We aren’t applying any grouping to the rows so the row information is very basic.
row_info <- data.frame(id = scib_summary_plot$id, group = NA_character_)
row_info
#> id group
#> 1 1 <NA>
#> 2 2 <NA>
#> 3 3 <NA>
#> 4 4 <NA>
#> 5 5 <NA>
#> 6 6 <NA>
#> 7 7 <NA>
#> 8 8 <NA>
#> 9 9 <NA>
#> 10 10 <NA>
#> 11 11 <NA>
#> 12 12 <NA>
#> 13 13 <NA>
#> 14 14 <NA>
#> 15 15 <NA>
#> 16 16 <NA>
#> 17 17 <NA>
#> 18 18 <NA>
#> 19 19 <NA>
#> 20 20 <NA>
The palettes are mostly the default palettes, with the addition of the features, oranges and black palettes.
palettes <- list(
features = c(FULL = "#4c4c4c", HVG = "#006300"),
blues = "Blues",
greens = "Greens",
oranges = rev(RColorBrewer::brewer.pal(9, "Oranges")),
greys = "Greys",
black = c("black", "black")
)
legends <- list(
list(
title = "Scaling",
geom = "text",
values = c("Scaled", "Unscaled"),
labels = c("+", "-"),
label_width = .5
),
list(
title = "RNA rank",
palette = "blues",
geom = "rect",
labels = c("20", " ", "10", " ", "1"),
size = c(1, 1, 1, 1, 1)
),
list(
title = "Simulations rank",
palette = "greens",
geom = "rect",
labels = c("20", " ", "10", " ", "1"),
size = c(1, 1, 1, 1, 1)
),
list(
title = "Usability rank",
palette = "oranges",
geom = "rect",
labels = c("20", " ", "10", " ", "1"),
size = c(1, 1, 1, 1, 1)
),
list(
title = "Scalability rank",
palette = "greys",
geom = "rect",
labels = c("20", " ", "10", " ", "1"),
size = c(1, 1, 1, 1, 1)
)
)
Now that we have defined everything we can make the summary figure.
funky_heatmap(
data = scib_summary_plot,
column_info = column_info,
column_groups = column_groups,
row_info = row_info,
palettes = palettes,
legends = legends,
position_args = position_arguments(
col_annot_offset = 4
),
scale_column = FALSE
)
#> ℹ Column info did not contain a column called 'legend', generating options based on the 'geom' column.

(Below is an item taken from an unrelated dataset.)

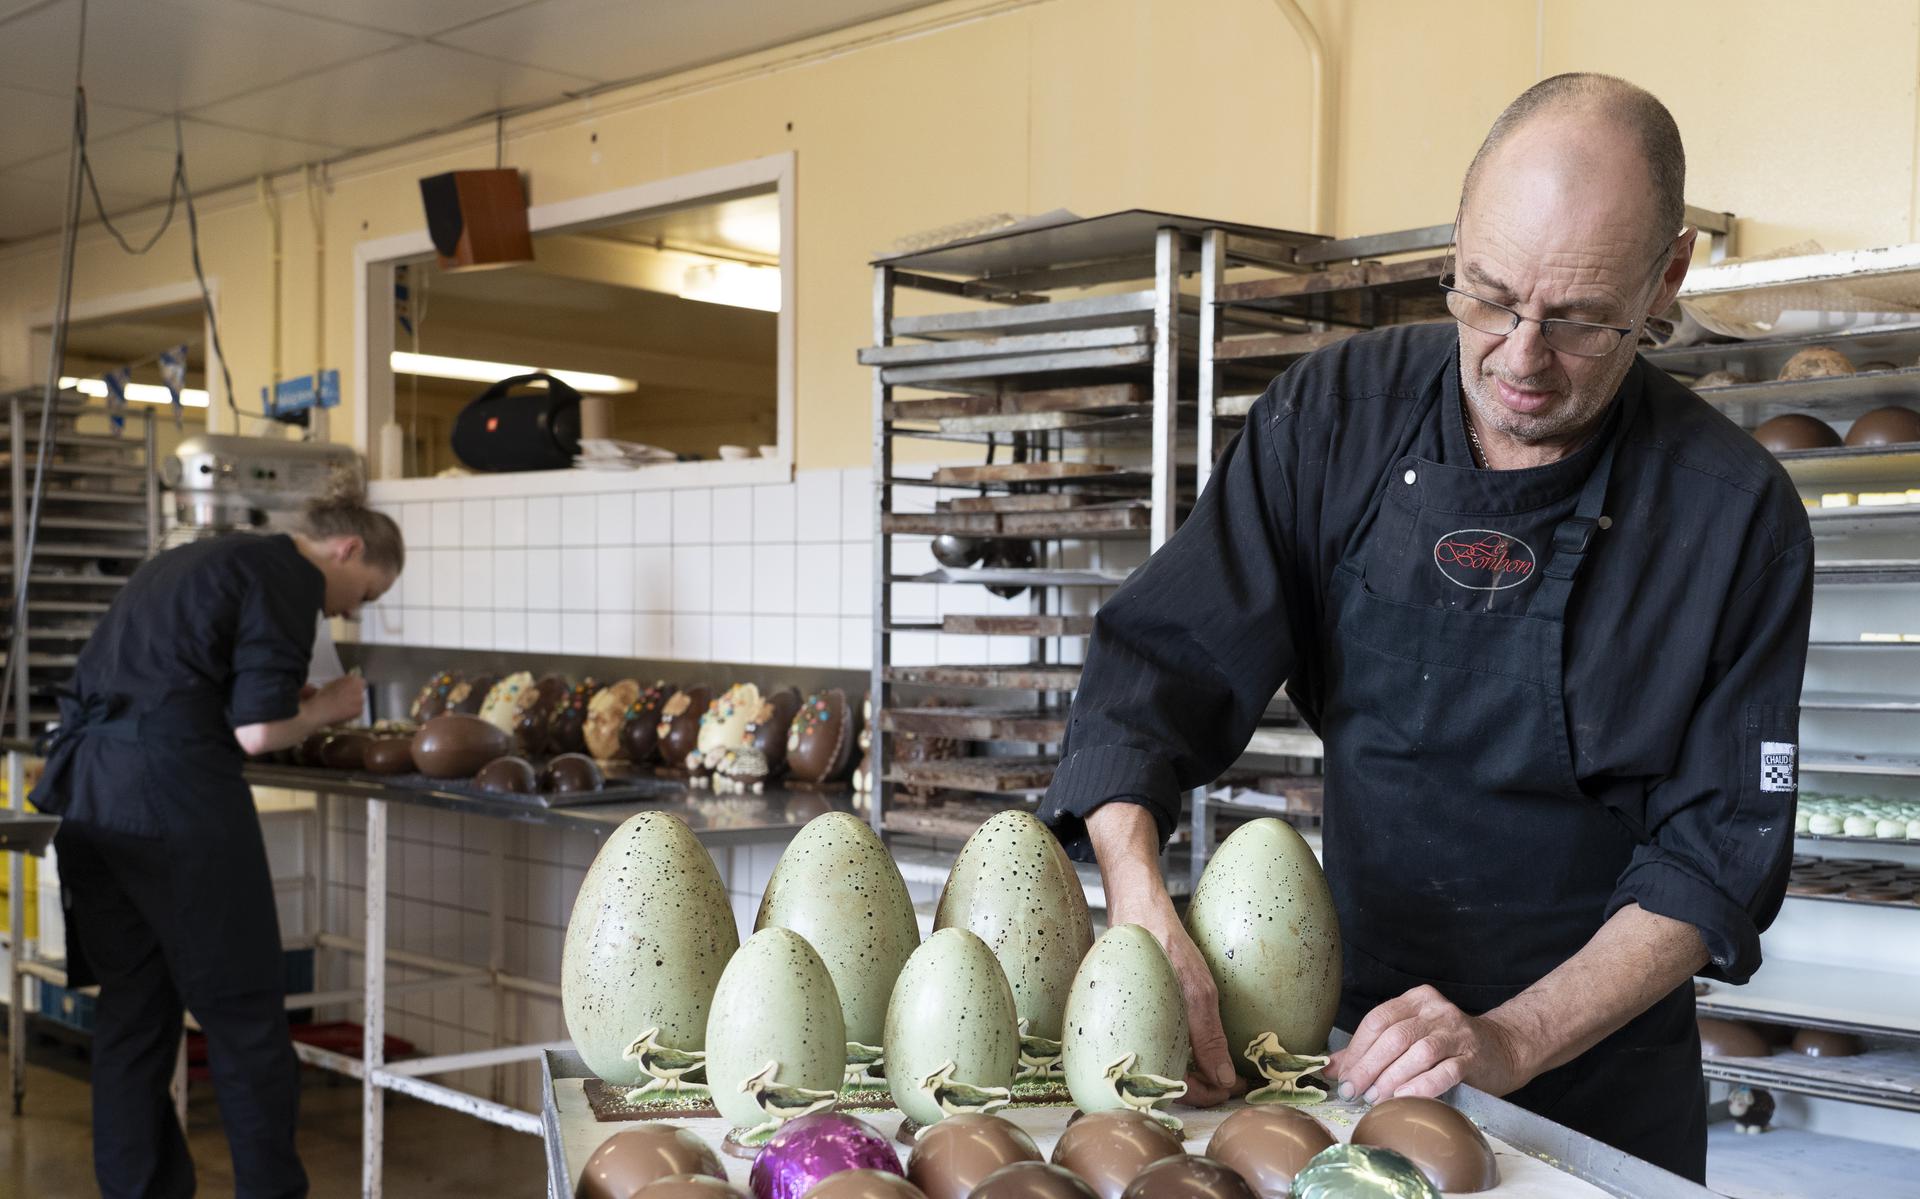 Gideon Sandtmann is eigenaar en chocolatier van Le Bonbon in Gytsjerk, achter medewerkster Tetsje Couperus.

#> ℹ Some palettes were not used in the column info, adding legends for them.
#> ℹ Legend 2 did not contain color, inferring from the palette.
#> ℹ Legend 3 did not contain color, inferring from the palette.
#> ℹ Legend 4 did not contain color, inferring from the palette.
#> ℹ Legend 5 did not contain color, inferring from the palette.
#> ℹ Legend 6 did not contain a geom, inferring from the column info.
#> ℹ Legend 6 did not contain labels, inferring from the geom.
#> ! Legend 6 has geom text but no specified labels, so disabling this legend for now.
#> Warning: Removed 12 rows containing missing values or values outside the scale range
#> (`geom_rect()`).
This isn’t exactly like the original figure but it is fairly close. Most of the differences are cosmetic such as alignment of labels and the lack of fancy headings. If you compare closely to the original figure you may also notice some changes in the method ranking compared to the original figure due to small difference in the pre-processing of the raw data.